Activity |
Repeat the listing exactly. Pictures stay out of your copy.

** Data shown follows **

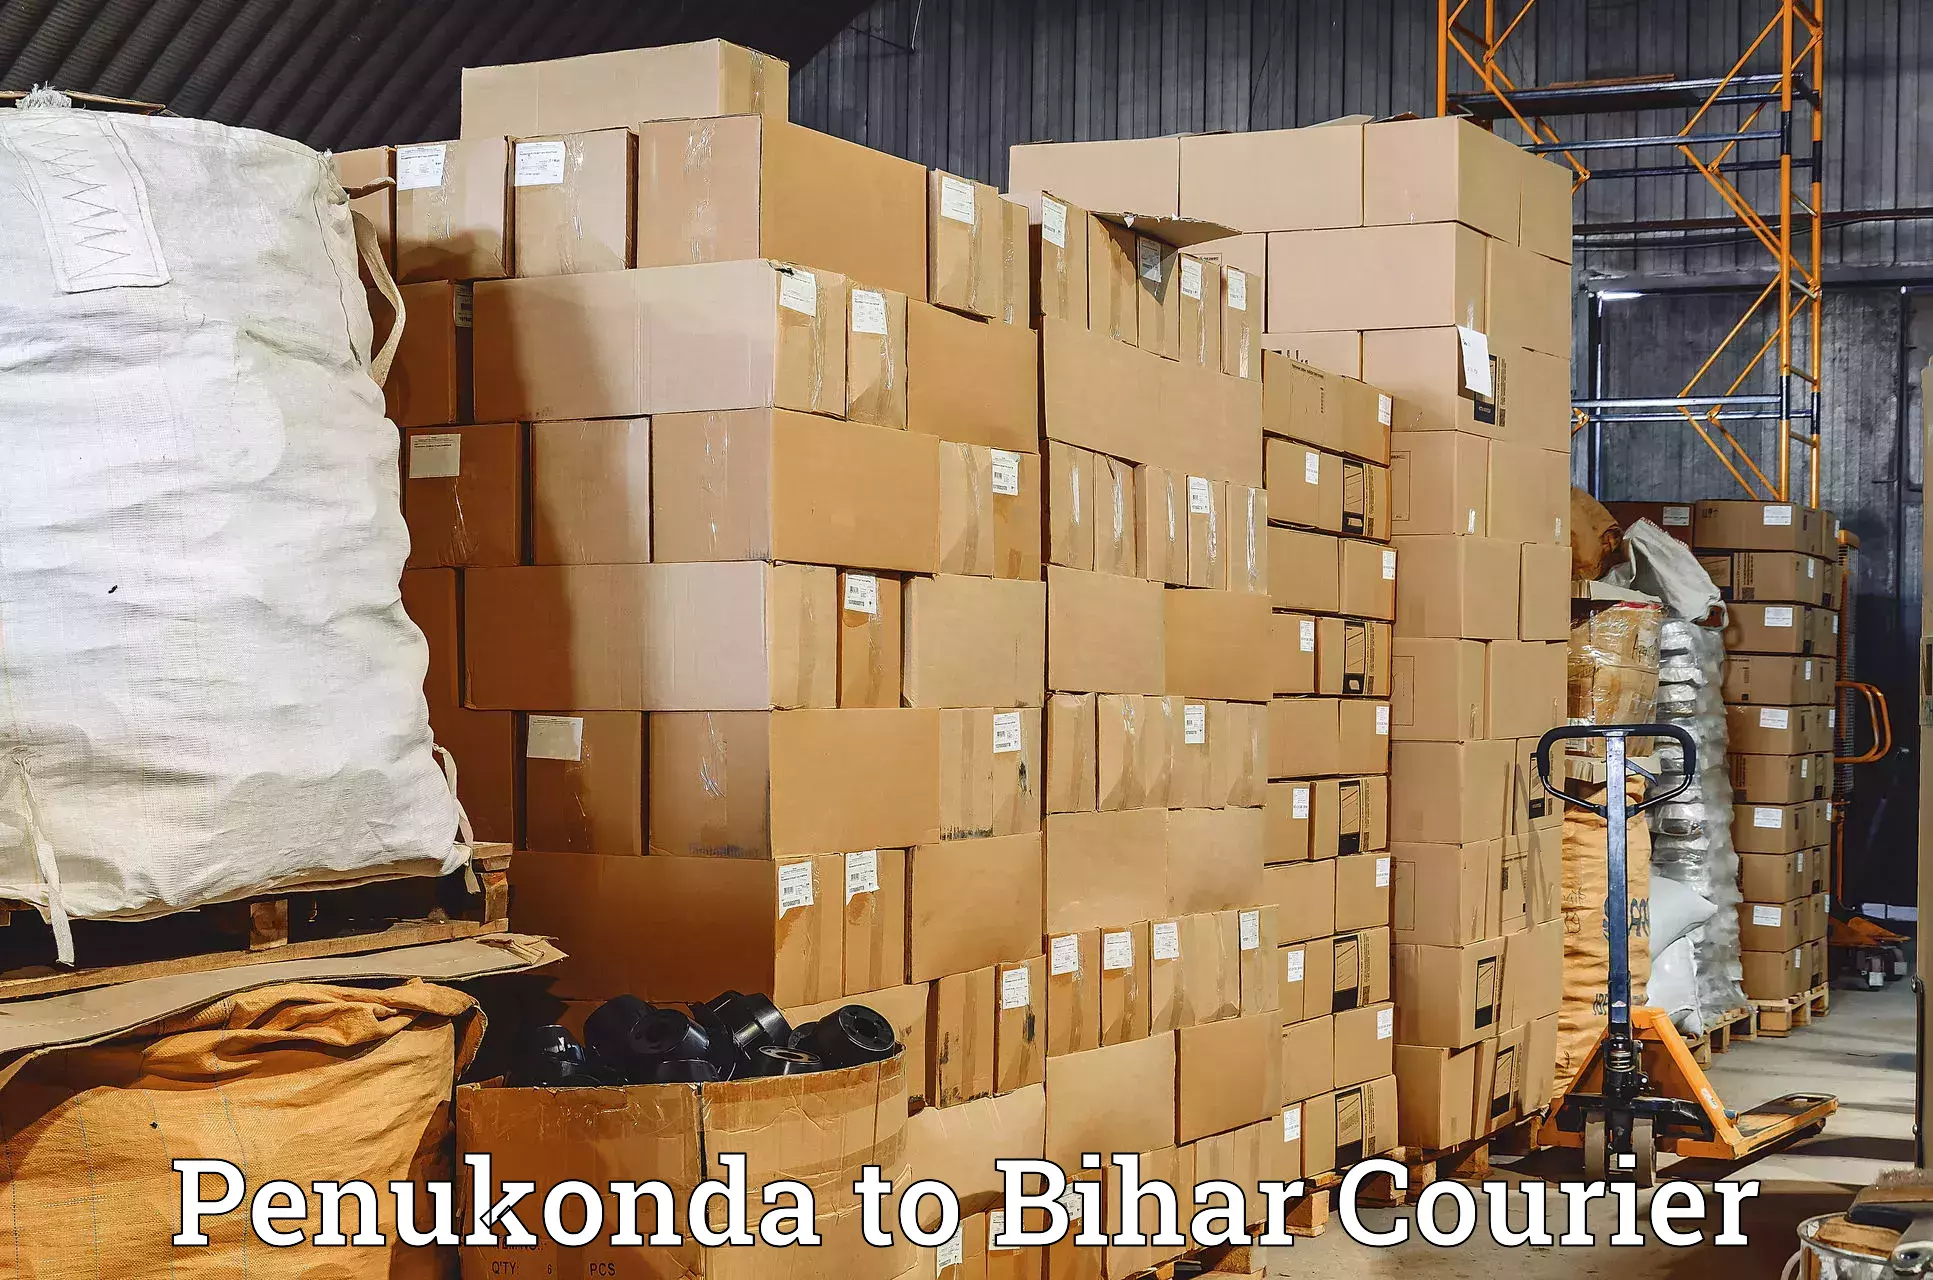 Multi-national courier services Penukonda to Katoria
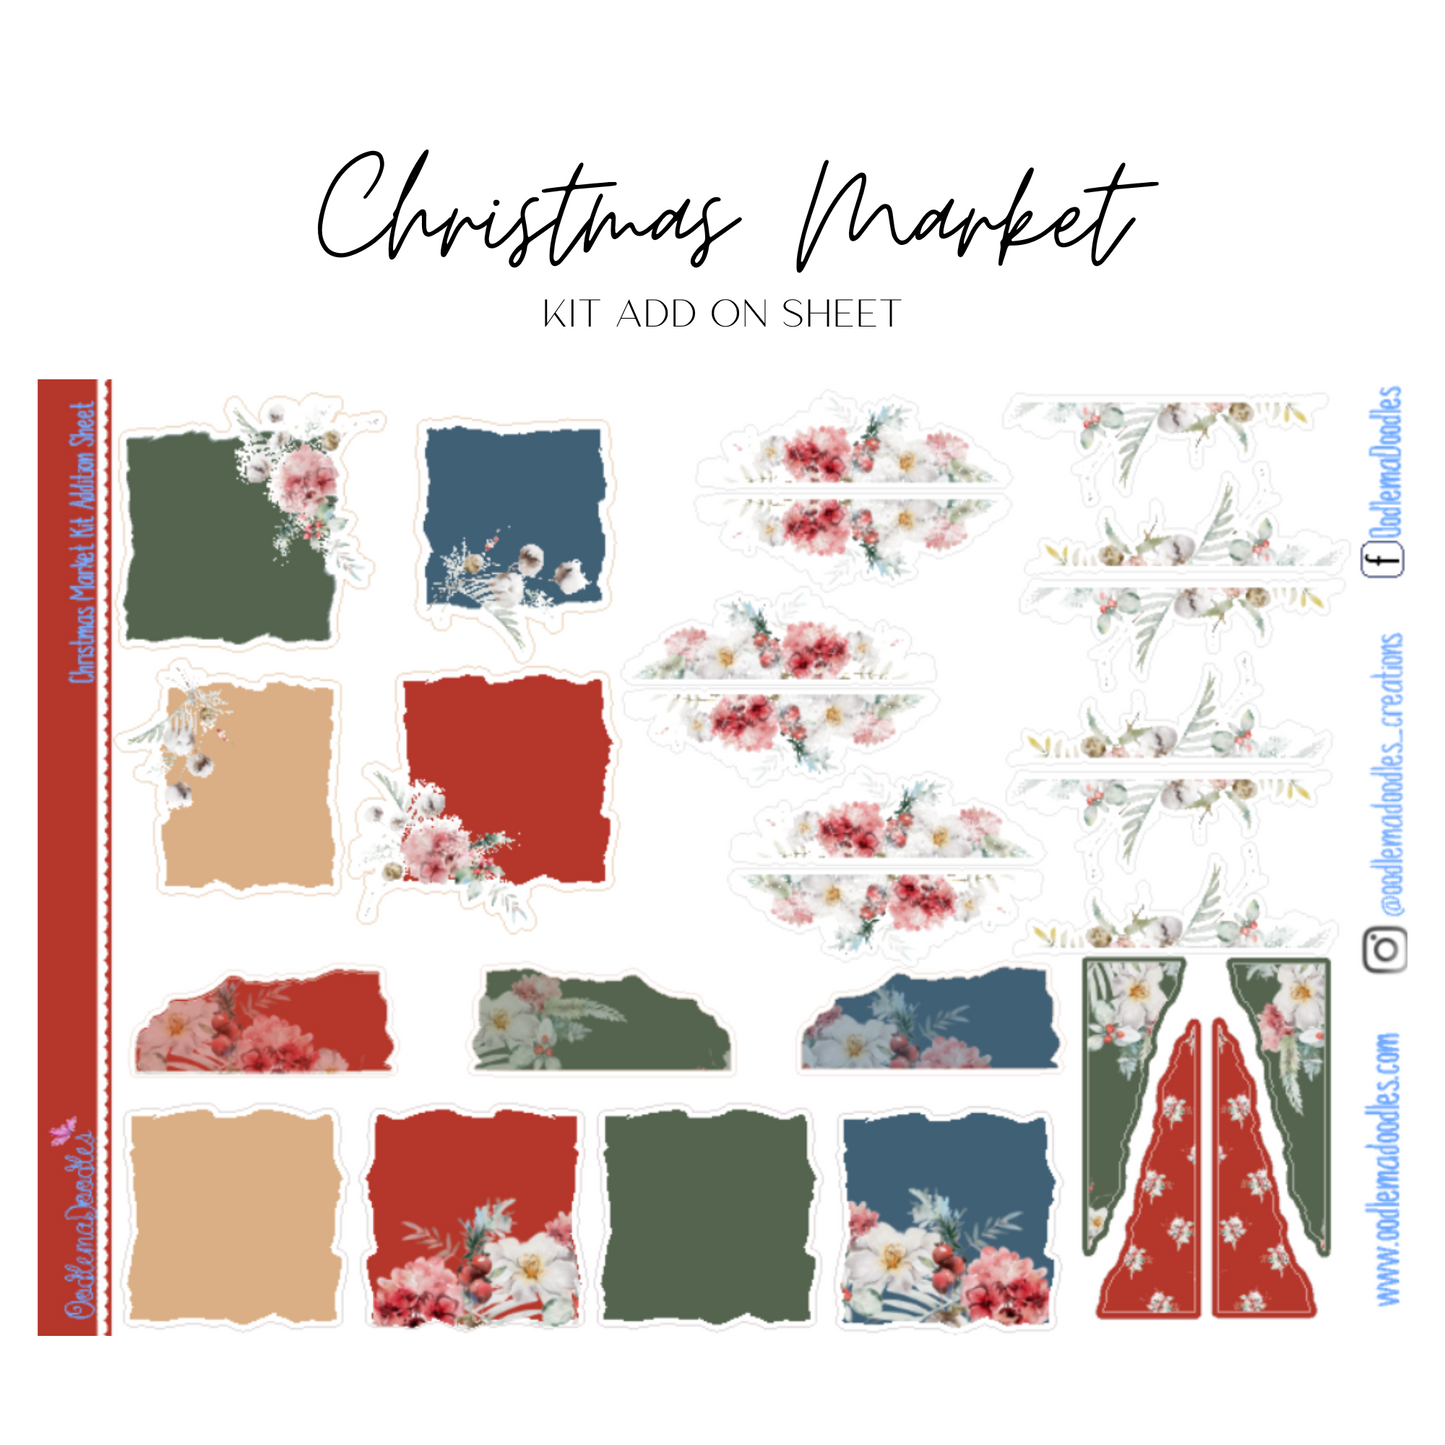 Christmas Market Addon & Extra Washi Options
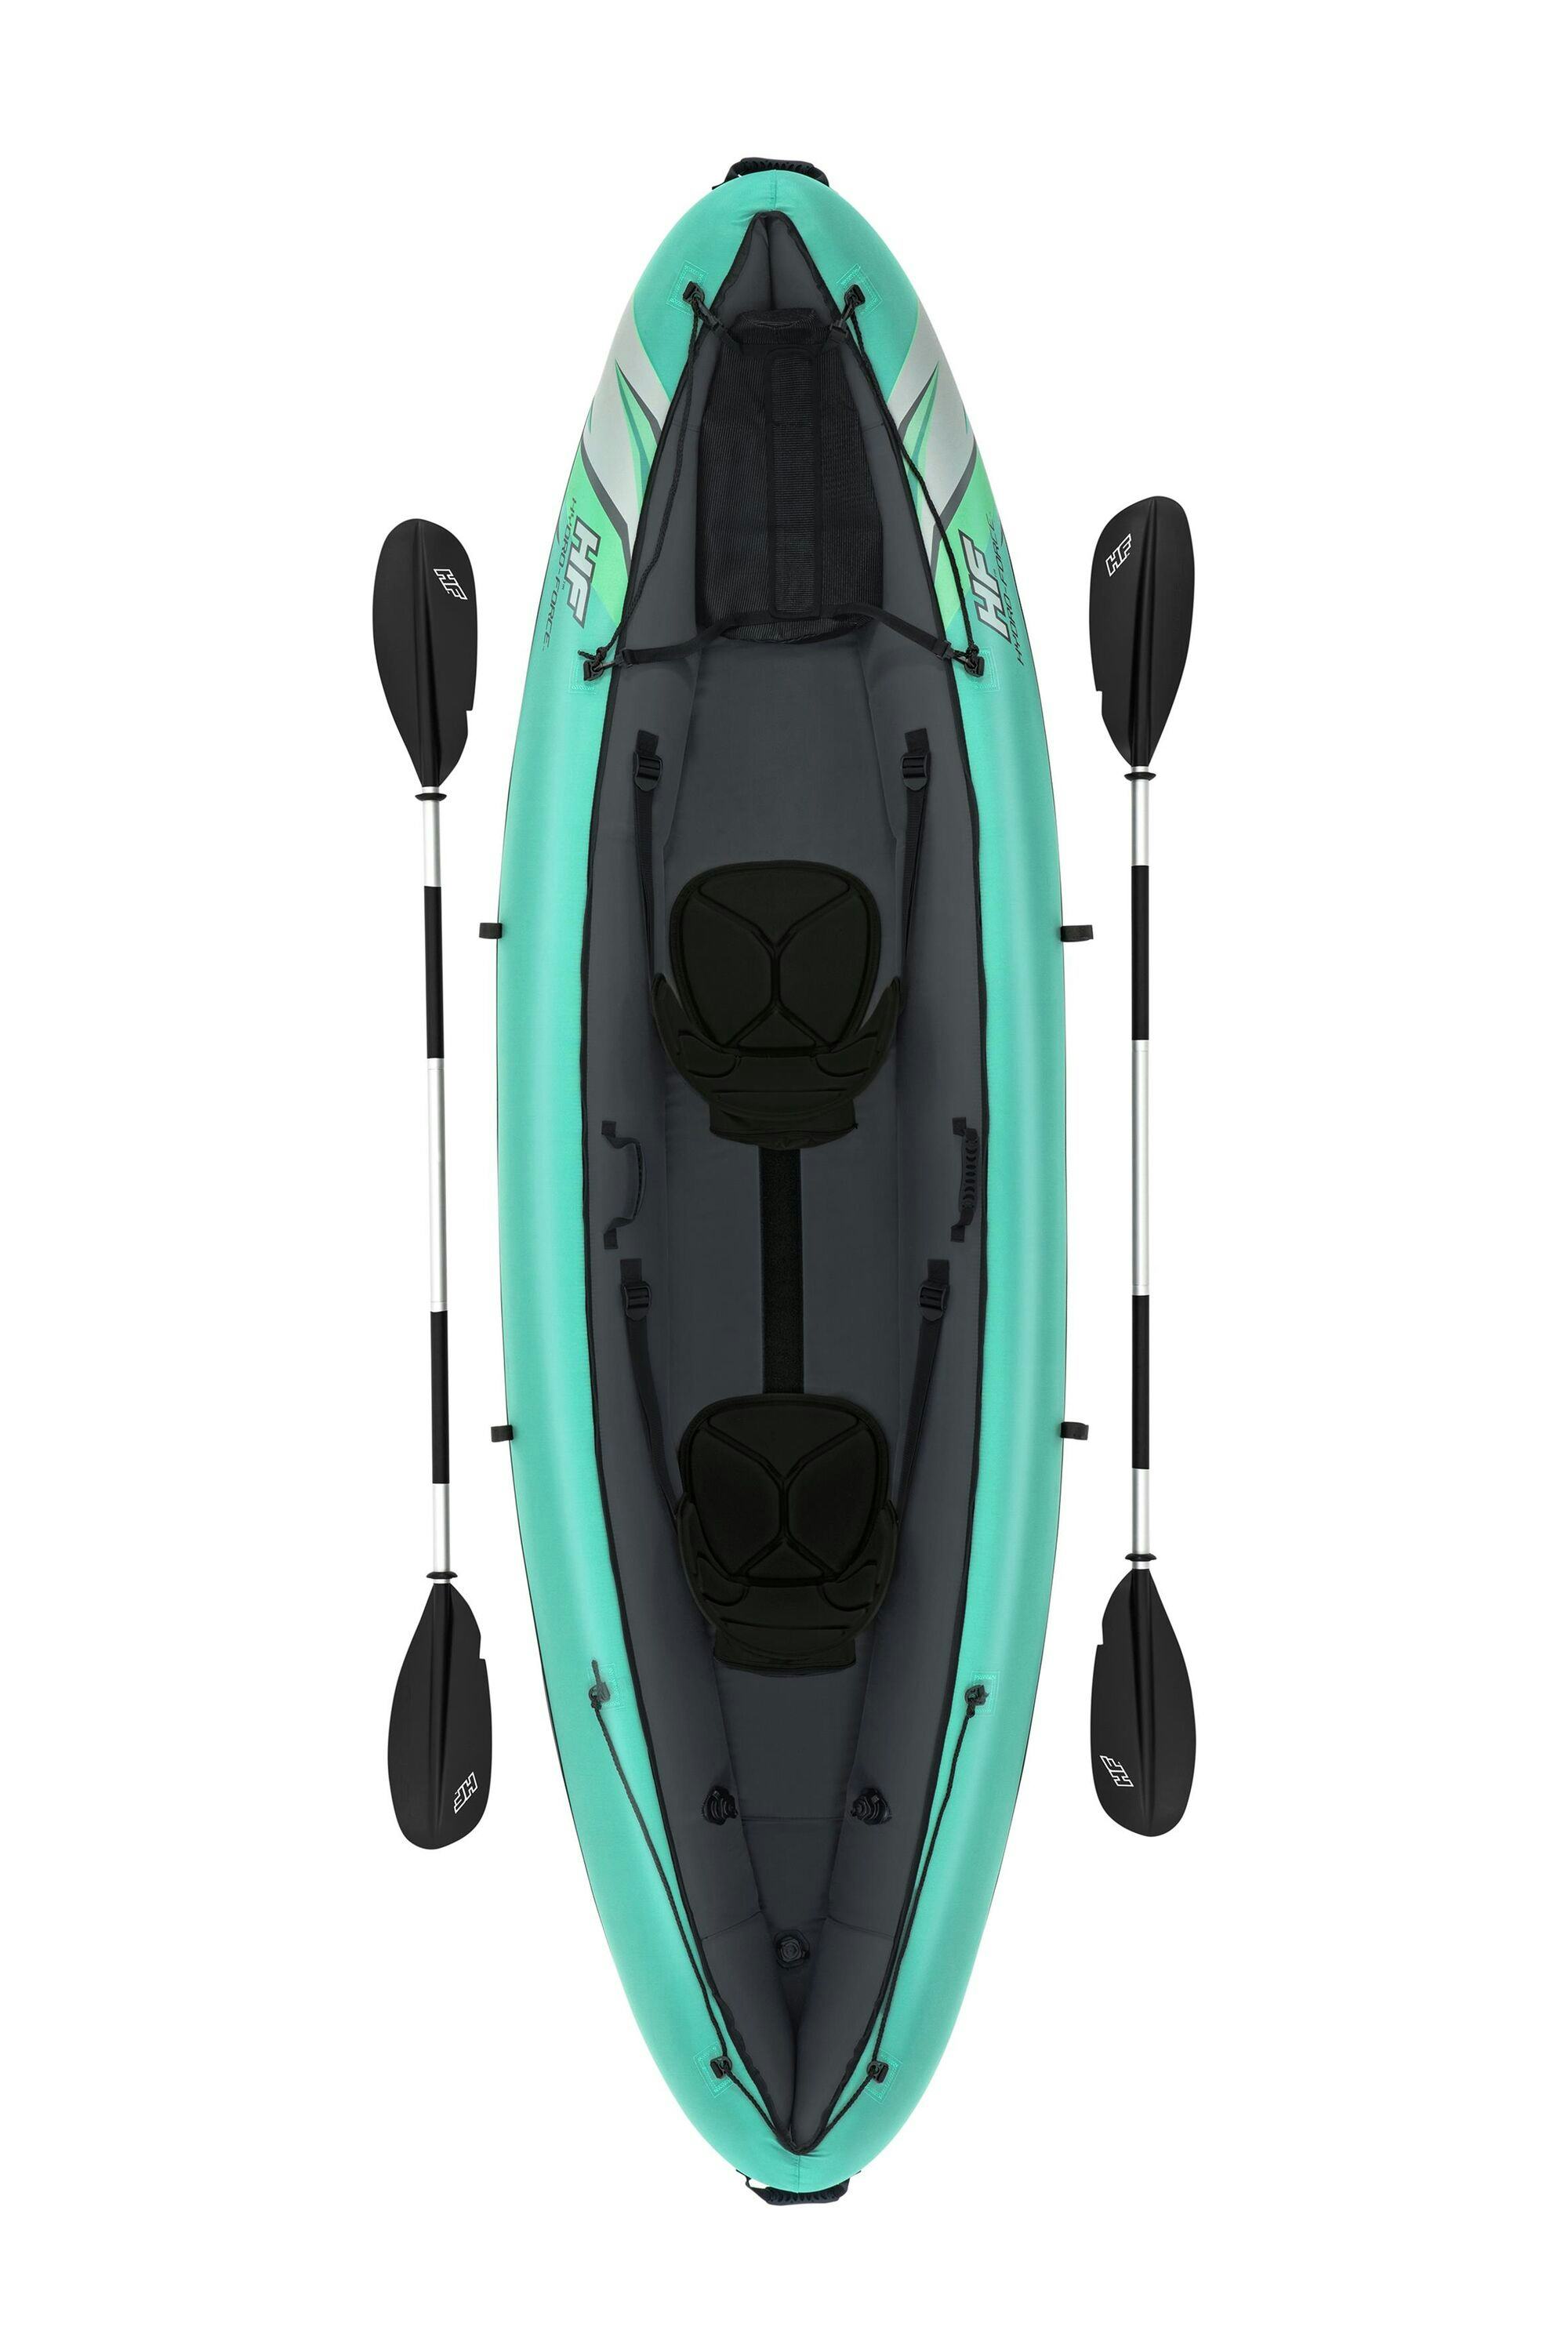 Sports d'eau Kayak gonflable Hydro-Force™ Ventura Elite X2 330 x 86 cm 2 adultes, pagaie, pompe Bestway 10

** End of Data shown **

Finished task |
 Multi-national courier services Penukonda to Katoria
 Christmas Market Addon & Extra Washi Options
 Sports d'eau Kayak gonflable Hydro-Force™ Ventura Elite X2 330 x 86 cm 2 adultes, pagaie, pompe Bestway 10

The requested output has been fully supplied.